"itsme213" <itsme213 / hotmail.com> schrieb im Newsbeitrag 
news:NUe3e.22640$1H3.7060 / tornado.texas.rr.com...
> "Robert Klemme" <bob.news / gmx.net> wrote
>
>> From all that I know you can't because you cannot do any of these:
>>
>>  - bind an instance method of A to B (unless B is a superclass of A)
>>
>>  - convert a method to a proc that is usable with instance_eval.
>>
>> The question is: does it make sense to do that?
>
> How do you mean "make sense"?

"Does it make sense to steal a method from a class and make it execute on 
another classes instance?"  I mean, you cannot generally expect that all 
methods the "stolen" method requires are present in the other class.  (I 
know that's why you use the fallback but then again, what does one gain? 
You can, for exaple, inject methods temporarily into the other instance.)

> Does my desired behavior make sense (it does to me)?

Apparently. :-)  But in what use case do you need this?  Although Ruby is 
amazingly dynamic not all features we can think of actually make sense.

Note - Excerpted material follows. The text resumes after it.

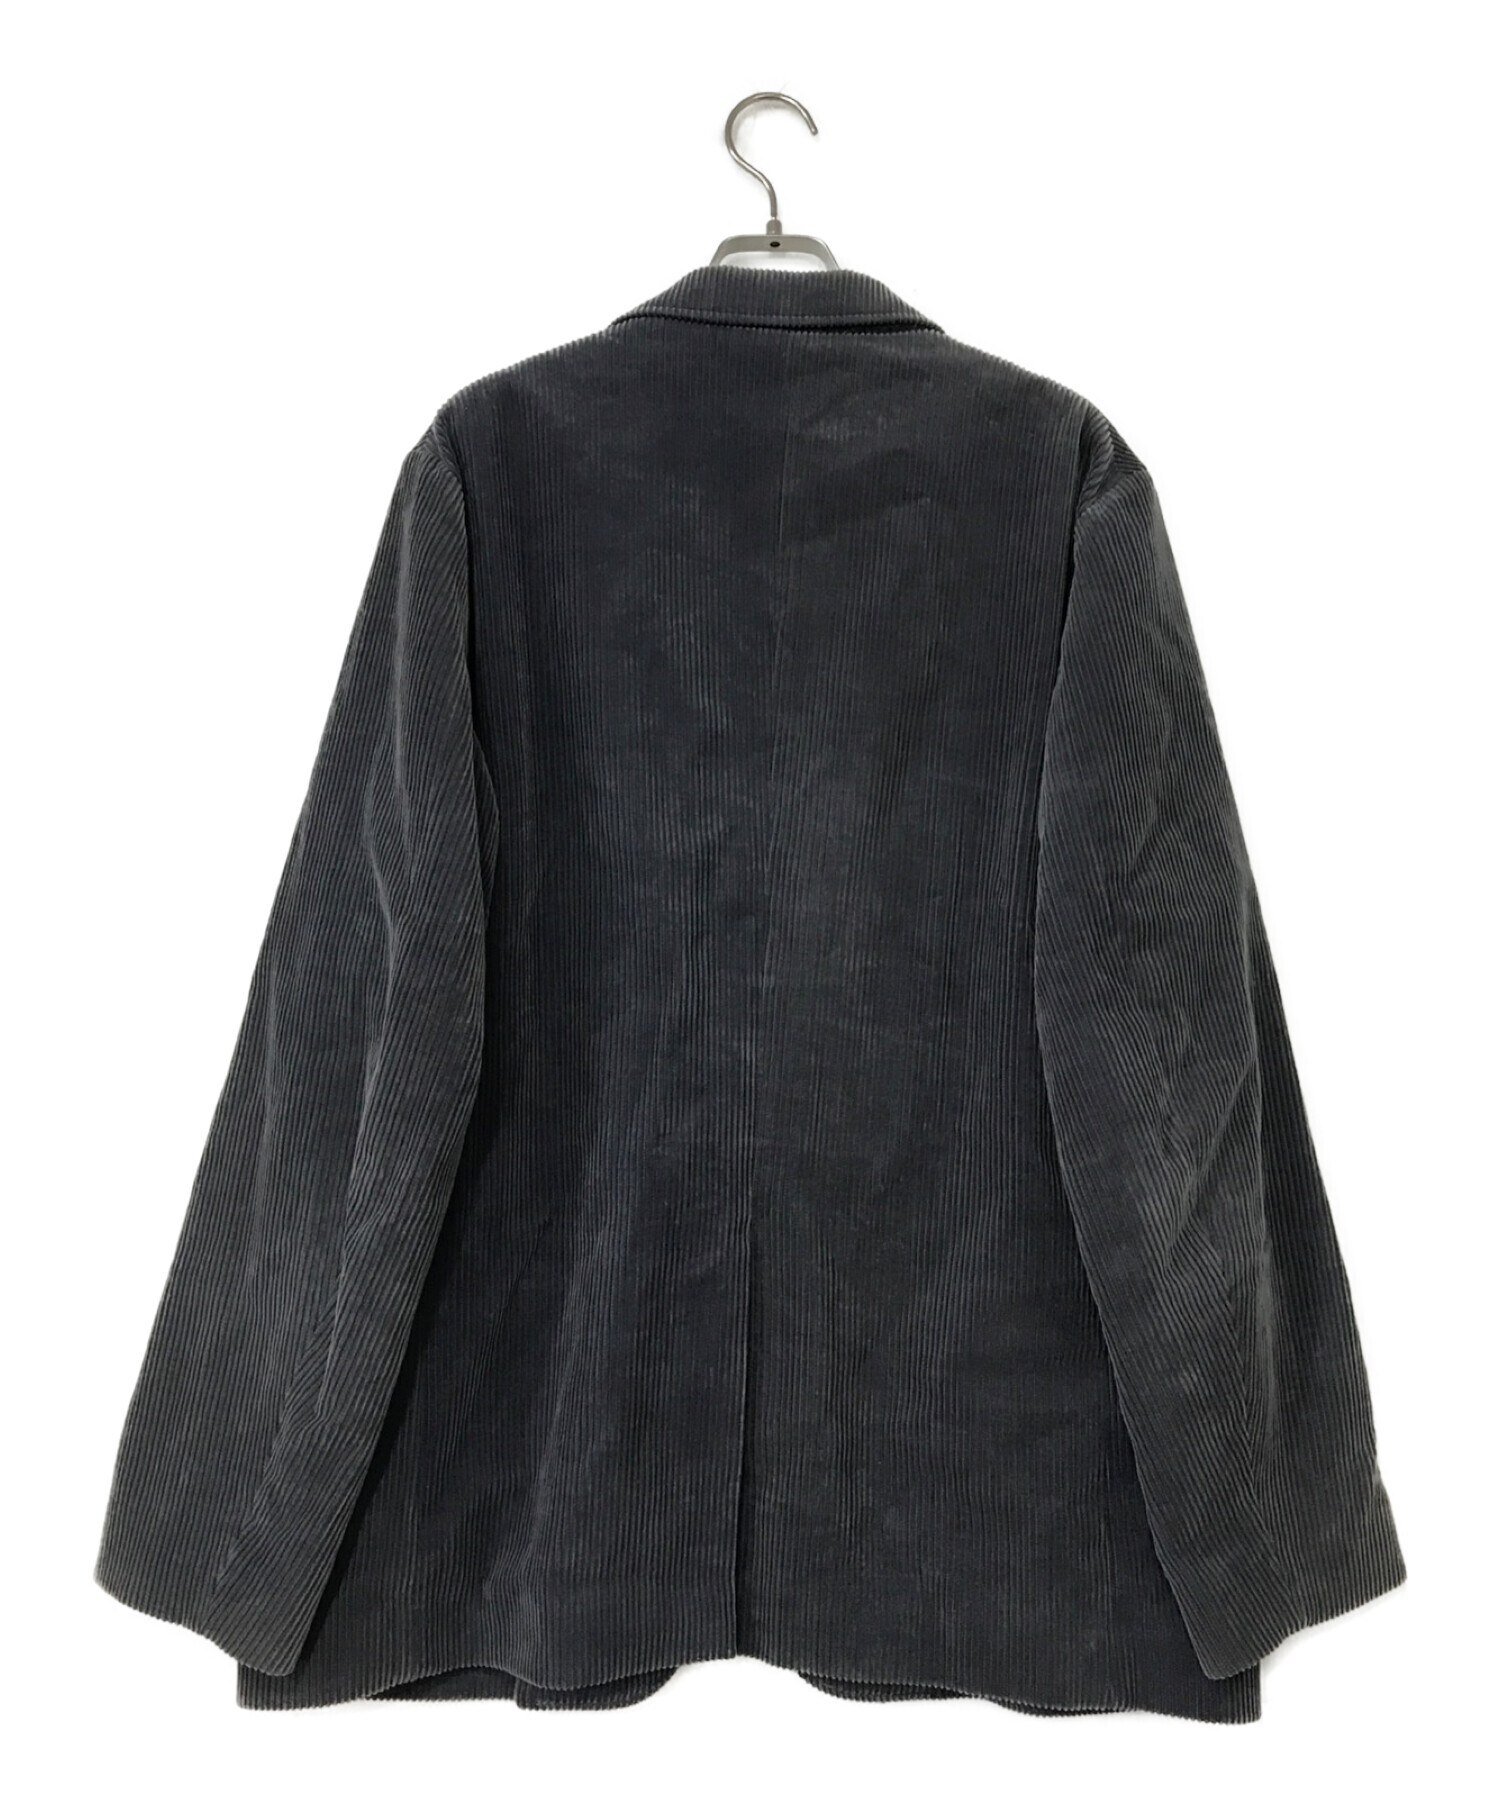 AURALEE 2019aw washed linen jacket black

> Or does it make sense for Ruby to permit one of the 2 approaches you
> suggest (#2 does, not sure I understood #1)?
>
> Thanks.
>
> btw, my guess at what the instance_eval version might look like:
>
> class B
> def initialize delegatee
>   @a = delegatee
> end
> def method_missing sym, *args, &block
>  m = @a.method sym
>  self.instance_eval m, *args, &block
> end
> end

Won't work as far as  my experiements seem to indicate.